Joyce Walker

Personal information
- Born: July 1, 1962 (age 63)
- Nationality: American

Career information
- High school: Garfield (Seattle, Washington)
- College: LSU (1980-1984)

Career highlights
- 2× Kodak All-American (1983, 1984);

= Joyce Walker =

American basketball player

Joyce Walker (born July 1, 1962) is an American women's basketball player who was the third woman to join the Harlem Globetrotters, following fellow LSU All American, Jackie White.

== Career ==
Walker was a basketball star at Garfield High School in Seattle in the late 1970s. As a senior in 1980, she averaged over 35 points per game, and set still-existent Washington state tournament records of 40 points, 17 field goals (twice), and 33 field goal attempts in a single game en route to a state championship, netting the still-existent single tournament records of 96 field goals attempted, 49 field goals made, 114 points scored, and 38 average points per game as well. When combined with her performance in the 1977 tournament she set the still-existent record career tournament average of 26.8 points per game. Her dominance landed her a place in the National High School Hall of Fame and the Washington Interscholastic Activities Association Hall of Fame. She is considered by many to be the best female basketball player from Washington.

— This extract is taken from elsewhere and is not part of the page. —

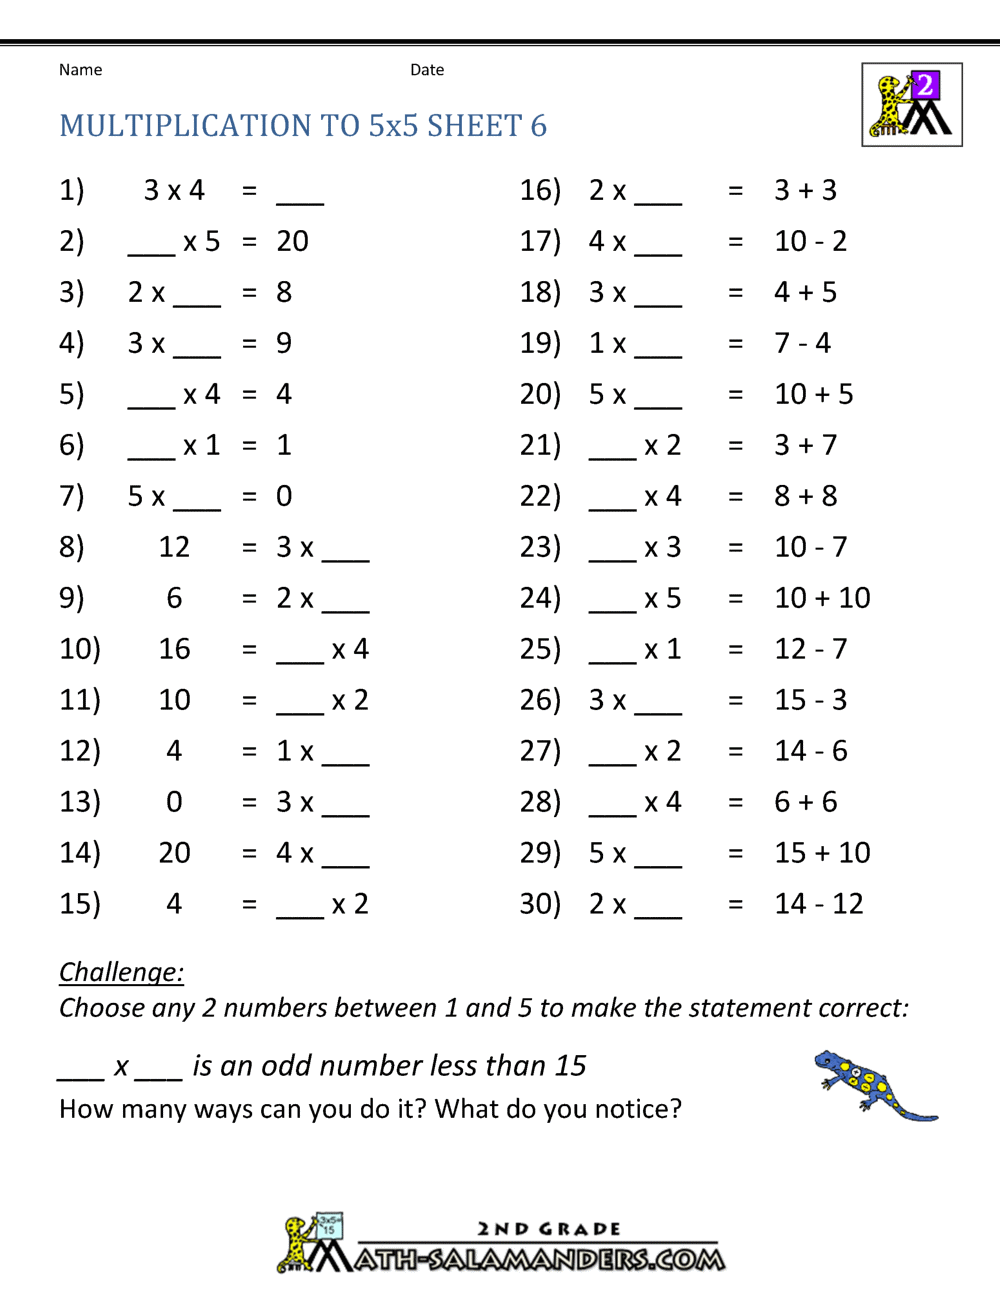 multiplication-practice-worksheets-to-5x5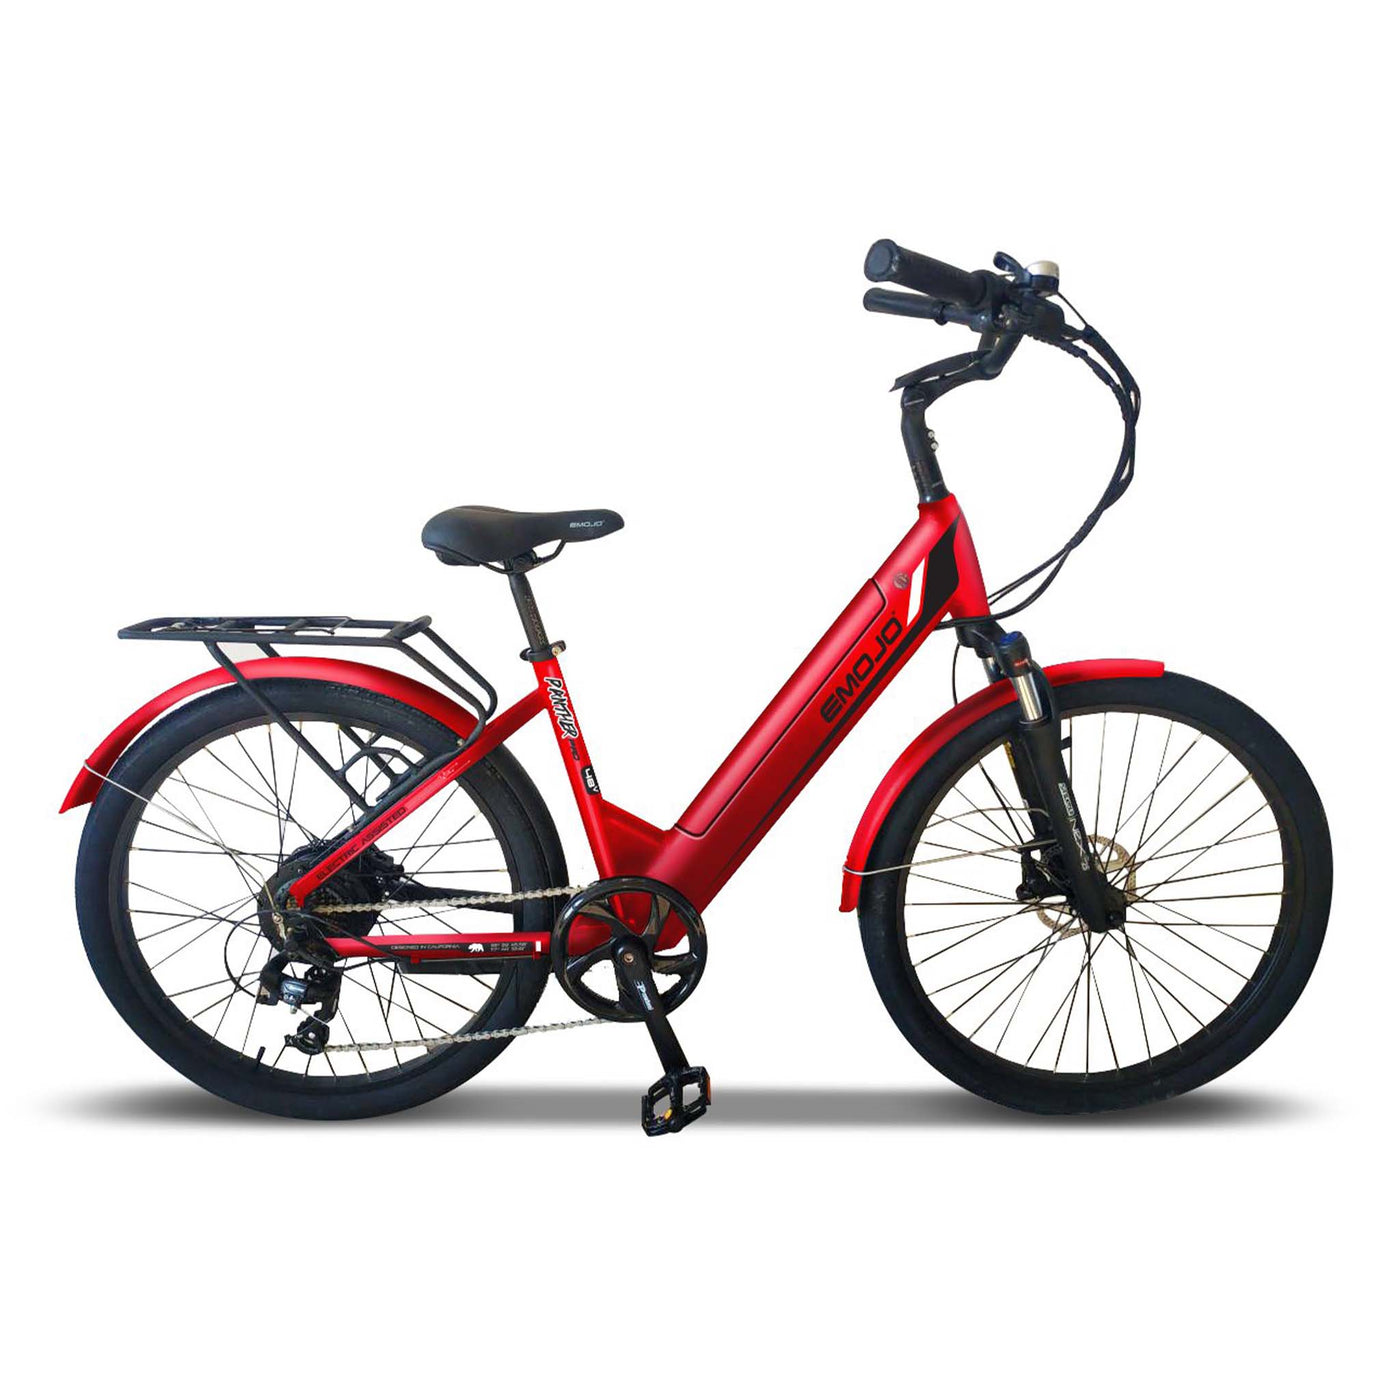 Emojo Panther Pro best selling lightweight step-thru commuter Electric Bike Red

In the early 1980s, Walker played at Louisiana State University on coach Sue Gunter's first Lady Tigers team, averaging nearly 25 points a game and leading the team in scoring and steals all four years. Walker still holds the all-time NCAA women's career record of 1259 field goals. She also still holds LSU career records of 2906 points, and 2238 attempts. A two-time All-American, she was inducted into the Louisiana Sports Hall of Fame in 1997 and the Louisiana State University Athletic Hall of Fame in 2017.

After stints playing professional basketball in Italy and Germany, Walker joined the Globetrotters, following the trailblazing Woodard and White by a mere three weeks.

She coached the girls' basketball team at Garfield High School in Seattle, Washington. Her early years battling the dominant (at the time) cross-town rival Roosevelt High School team are partially chronicled (with interviews) in the 2005 documentary film The Heart of the Game. The Garfield team won the state 4A championship in 2005. She now coaches the JV team and is the assistant varsity coach at Kingston High School in Kingston, Washington.

==LSU statistics==
Source

| Year | Team | GP | Points | FG% | FT% | RPG | PPG |
|---|---|---|---|---|---|---|---|
| 1980-81 | LSU | 30 | 621 | 56.6% | 62.6% | 5.2 | 20.7 |
| 1981-82 | LSU | 30 | 747 | 57.6% | 67.7% | 4.5 | 24.9 |
| 1982-83 | LSU | 27 | 744 | 57.8% | 74.5% | 6.9 | 27.6 |
| 1983-84 | LSU | 30 | 794 | 53.3% | 81.2% | 4.0 | 26.5 |
| TOTALS |  | 117 | 2906 | 56.2% | 72.9% | 5.1 | 24.8 |

==USA Basketball==
Walker was named to represent the US at the 1981 William Jones Cup competition in Taipei, Taiwan. The team won seven of eight games to win the silver medal for the event. Walker led the team in scoring with 21.0 points per game and earned a spot on the All-Tournament team.

Walker played on the 1983 World University games team, coached by Jill Hutchison. She was the leading scorer for the team, averaging almost 14 points per game, and helped the team win the gold medal.

==Personal life==
Multiple relatives of Joyce have established themselves in the sports industry. Her Sister Shirley Wroten ran track for the
University of Washington and Arizona State University. Shirley still ranks in the top ten all time for Washington in the 100 meter dash, 100 meter hurdles, and 4 × 100 metres relay. Joyce's nephew, Tony Wroten Jr. , is an NBA player who played college basketball at Washington, and Joyce's brother in law, Tony Wroten Sr., played football for the University of Washington and the Tampa Bay Buccaneers.